Which RS485 end to bond

Learn the NEC with Mike Holt now!

ModbusMan

Senior Member
Location
Cleveland, OH
Occupation
Building Automation Engineer
One of our offices' commercial power companies has offered to let us connect a data line to pull status info off the 13.2kV ATO. First time I'm dealing with this level of voltage and radiated EM, so I'm curious if anyone has opinions on whether I'll be better served connecting my shield/drain at the medium-voltage ATO side, or at the low-voltage instrumentation cabinet. The ATO will be the only device on this Modbus loop.
 
That's been my experience so far (and probably to be expected since 485's a differential signal anyways), but until now, everything I've worked in has been 480 or lower.
 
As long as you terminate/ground it at only one end it will adequately shield any RF. As others have said, differential signaling rejects common mode noise up to the rail limits of the transceiver. With that said, I would still want the shielding in place given the magnitude of the radiated RF.
 
The rule of thumb I have always seen is to ground the end at PLC (instrumentation) end, NOT the field end. I see a few reasons for this. First, you are likely to have a better (lower impedance) ground at your control cabinet. Who knows what has been done, or will be done between the field device and an actual earth connection? Second, it is usually easier to find (or make) a ground connection in a control cabinet, than in some field devices.
 
The rule of thumb I have always seen is to ground the end at PLC (instrumentation) end, NOT the field end. I see a few reasons for this. First, you are likely to have a better (lower impedance) ground at your control cabinet. Who knows what has been done, or will be done between the field device and an actual earth connection? Second, it is usually easier to find (or make) a ground connection in a control cabinet, than in some field devices.
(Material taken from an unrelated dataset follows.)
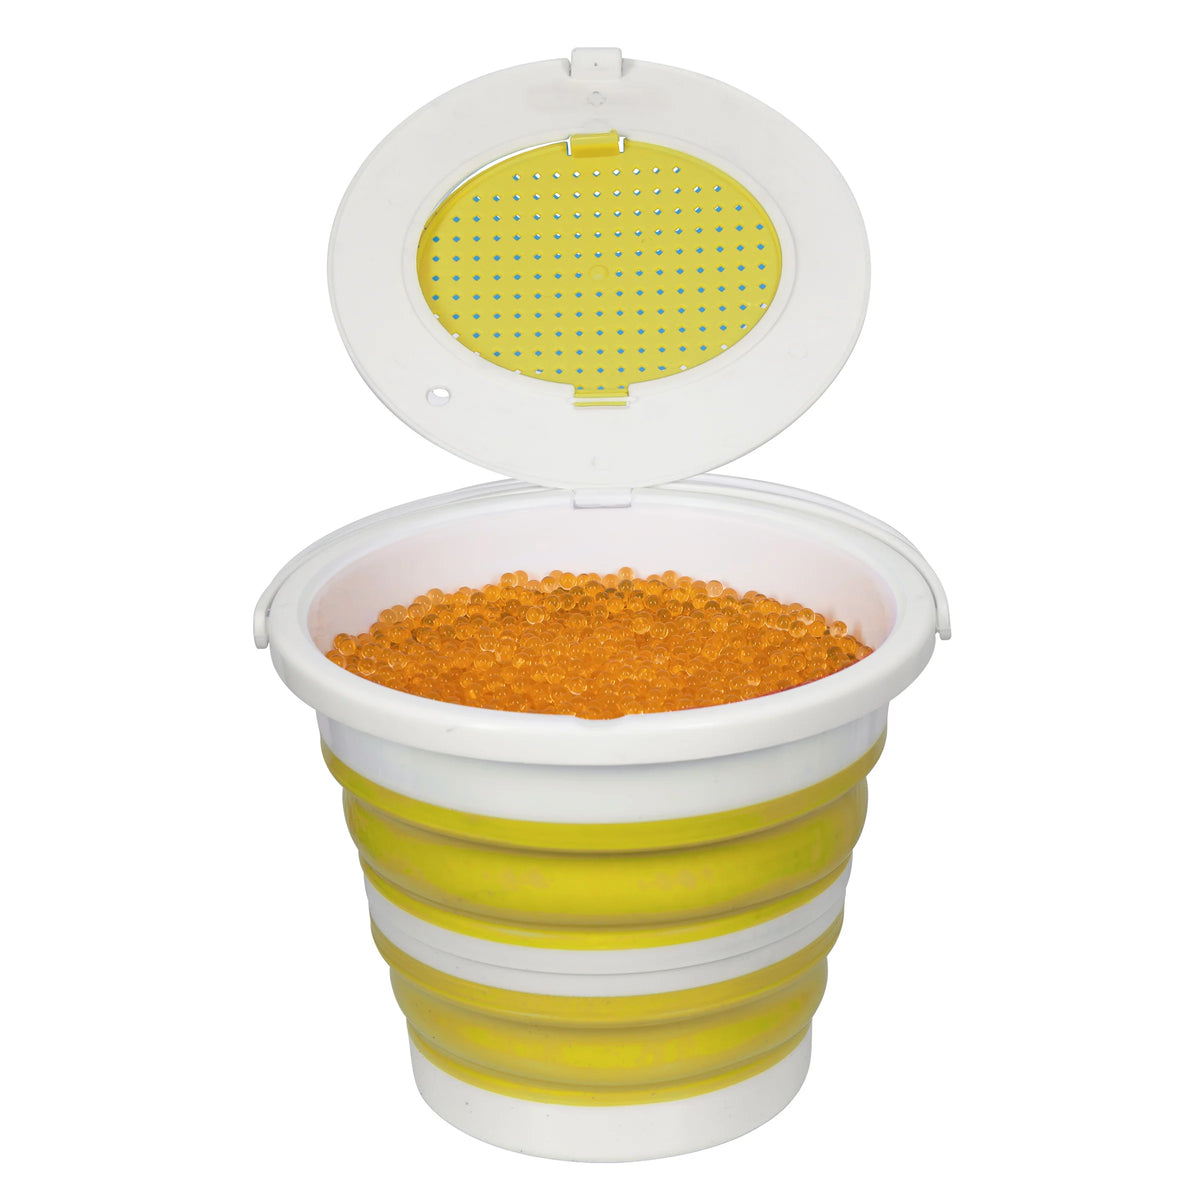 15,000 Gellyball Tub/Bucket | Color: Yellow

I should have made that clearer, that is the industry standard. I just meant you can't terminate the shield at a second point.
 
As long as you terminate/ground it at only one end it will adequately shield any RF. As others have said, differential signaling rejects common mode noise up to the rail limits of the transceiver. With that said, I would still want the shielding in place given the magnitude of the radiated RF.
A good reason to utilize the shield when the RF (or even AF) noise level may be very high.
Many people forget that the differential signal can be degraded when the common mode noise is high enough to cause clipping of only one line at a time at the receiver input.
 
The rule of thumb I have always seen is to ground the end at PLC (instrumentation) end, NOT the field end. I see a few reasons for this. First, you are likely to have a better (lower impedance) ground at your control cabinet. Who knows what has been done, or will be done between the field device and an actual earth connection? Second, it is usually easier to find (or make) a ground connection in a control cabinet, than in some field devices.
This has always been my way as well, just wasn't sure if the (much) higher RF environment would make using the other end more appropriate.
 
This is a really good post. We try to drain in the middle of the modbus run (shielded pair) rather than on one field end or the other. I believe that as long as you are not draining on both ends, or multiple connections, that should be ok. I don't know if the PLC end is better than any other field end. Just my FYI thoughts.
 
We try to drain in the middle of the modbus run (shielded pair) rather than on one field end or the other. I believe that as long as you are not draining on both ends, or multiple connections, that should be ok.
It's fine from a technical standpoint (and some might argue more reliable since the length from the far end to the grounding point is halved), but the weakness of mid-point is that there's nothing to stop someone from going "Ehh, was this the grounding point? I can't remember!" and accidentally leaving the whole thing to float, or worse, multi-grounding and turning the shield into a radio loop.